Re: Xtables2 Netlink spec

Pablo Neira Ayuso <pablo@xxxxxxxxxxxxx> · Thu, 25 Nov 2010 15:21:02 +0100

On 25/11/10 14:35, Jan Engelhardt wrote:

On Thursday 2010-11-25 12:42, Pablo Neira Ayuso wrote:

nfxt_socket = socket(AF_NETLINK, SOCK_RAW, NETFILTER_XTABLES);

This has to go upon nfnetlink as other netfilter subsystems.

Why so? It is not like Netlink protocols were limited to 32 AFAICS.
Also as told, nfnetlink is not fit for parsing netlink messages where
an attribute type appears more than once. If anything, I would look
into genetlink, though that also starts to look like it cannot do
that.

All netfilter subsystems must go over nfnetlink, dot.
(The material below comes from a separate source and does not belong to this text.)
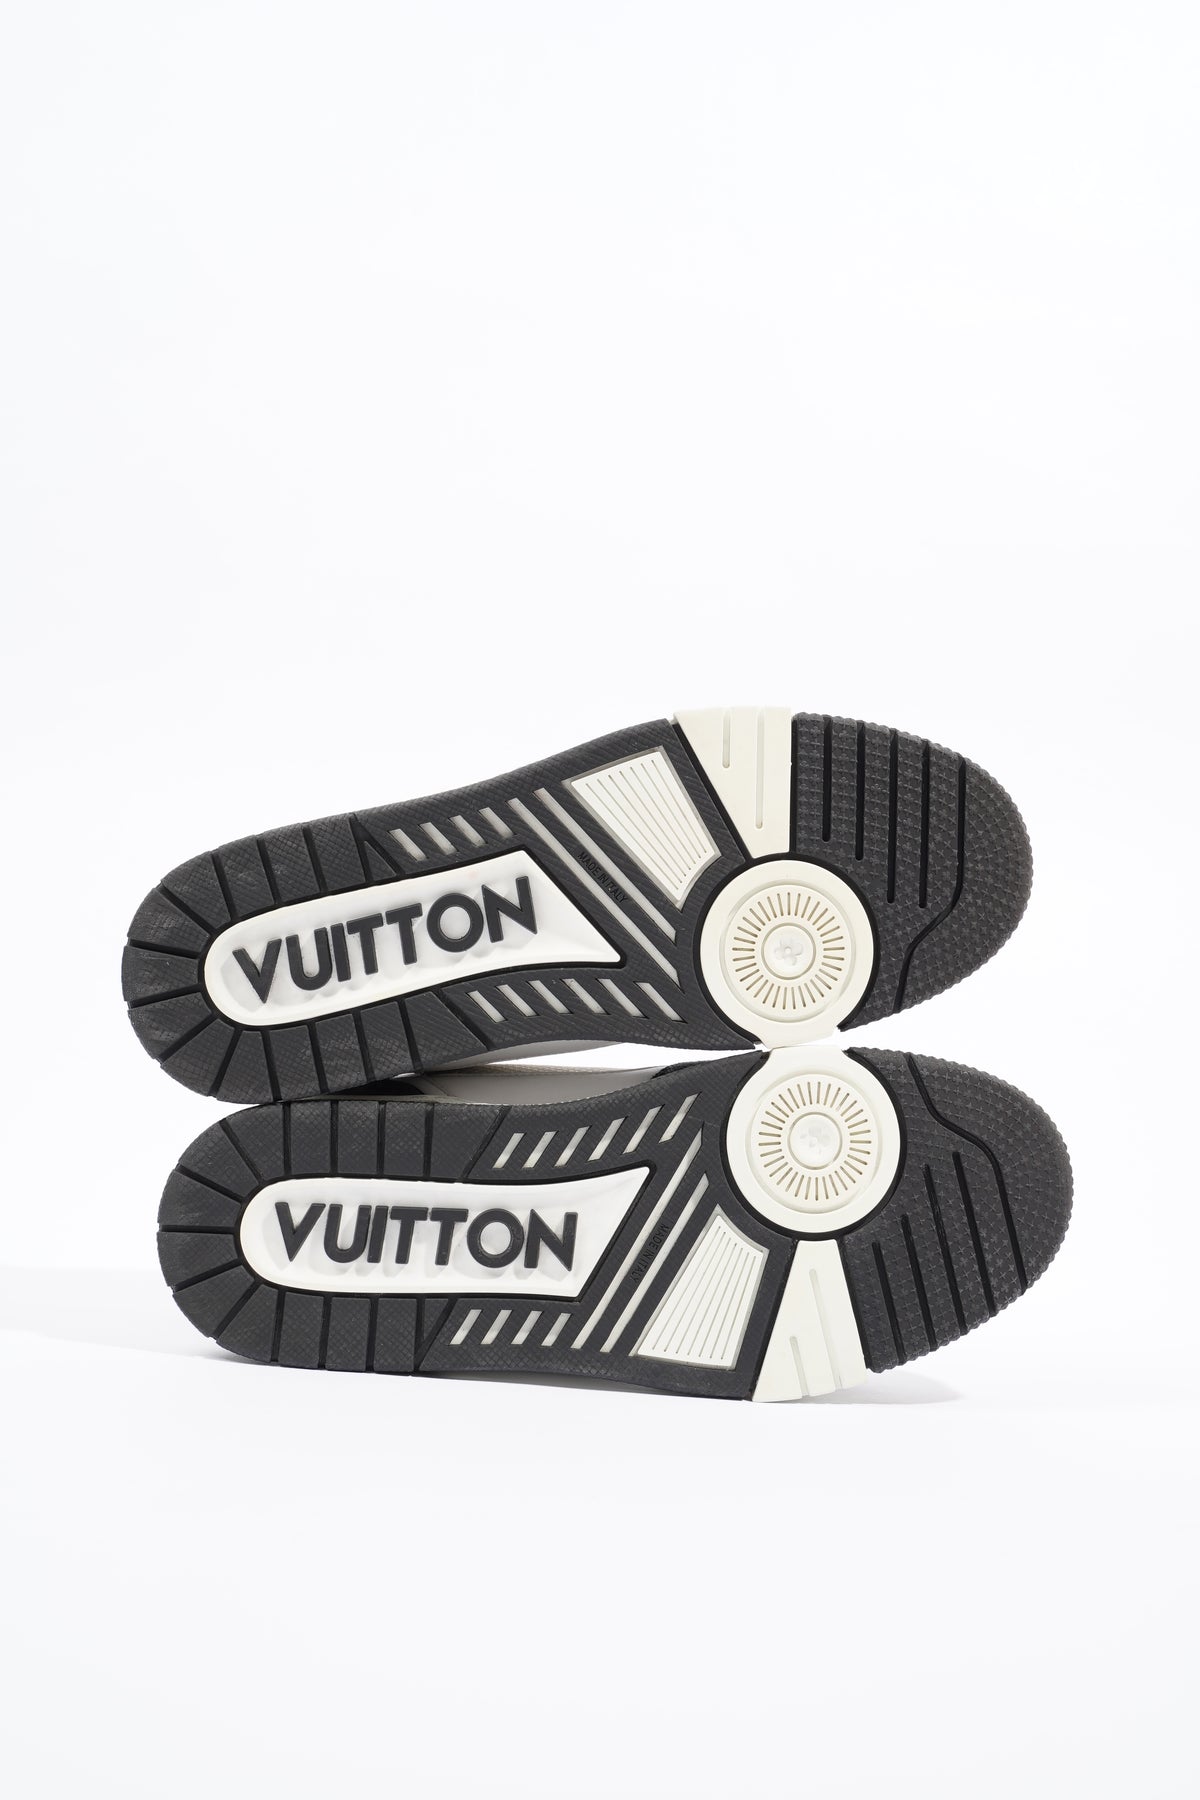 Louis Vuitton LV Trainer Velcro Strap Denim Black White Sneakers
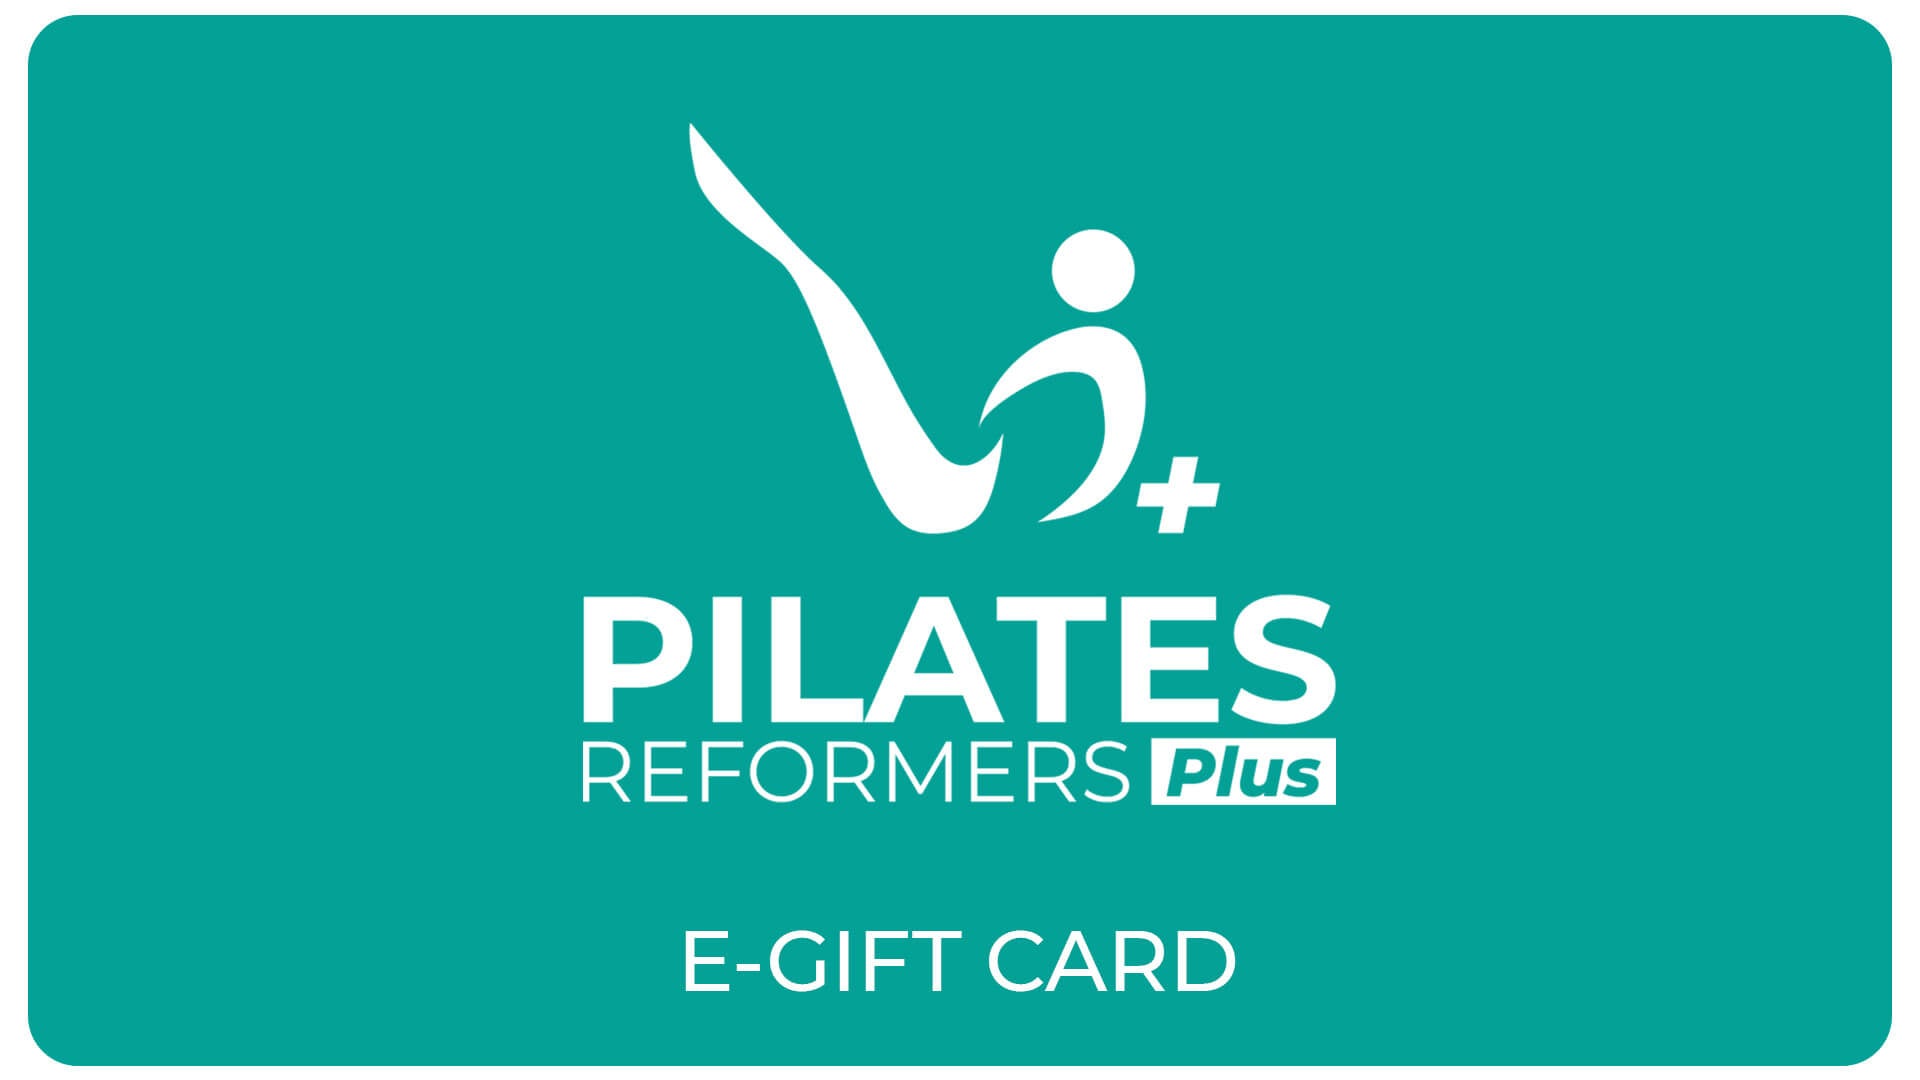 E-Gift Card for Pilates Reformers & Equipment

If you are repeating the same attribute in one message, it means that 
you have to split your data into several messages.

The Xtables2 Netlink protocol however encodes each node as a
standalone attribute, to be called Flat Encoding, that is
appended (a. k. a. âchainedâ) to the data stream. This makes it
possible to split requests and dumps at a finer level than
encapsulation would. Above all, it gets extensions the guarantee
to have data blocks of a minimum guaranteed size.

Since Netlink messages do have a 32-bit quantity to store the
message length, rulesets of roughly up to 4 GB are possibile,
which is currently regarded as sufficient. The largest (and
meaningful) rulesets seen to date in the industry weighed in at
approximately 150 MB.

You can split data into several messages and avoid this limitation.

Netlink may have support for splitting messages, but not really
splitting data. So I am just splitting messages at attribute
boundaries like everyone else.

Whereas attribute nesting automatically provided for boundaries,
this is realized using a dummy attribute in the chained approach.
Certain attributes can start such a flattened nesting, and
NFXTA_STOP terminates it.

I don't like this trailing attribute, see below.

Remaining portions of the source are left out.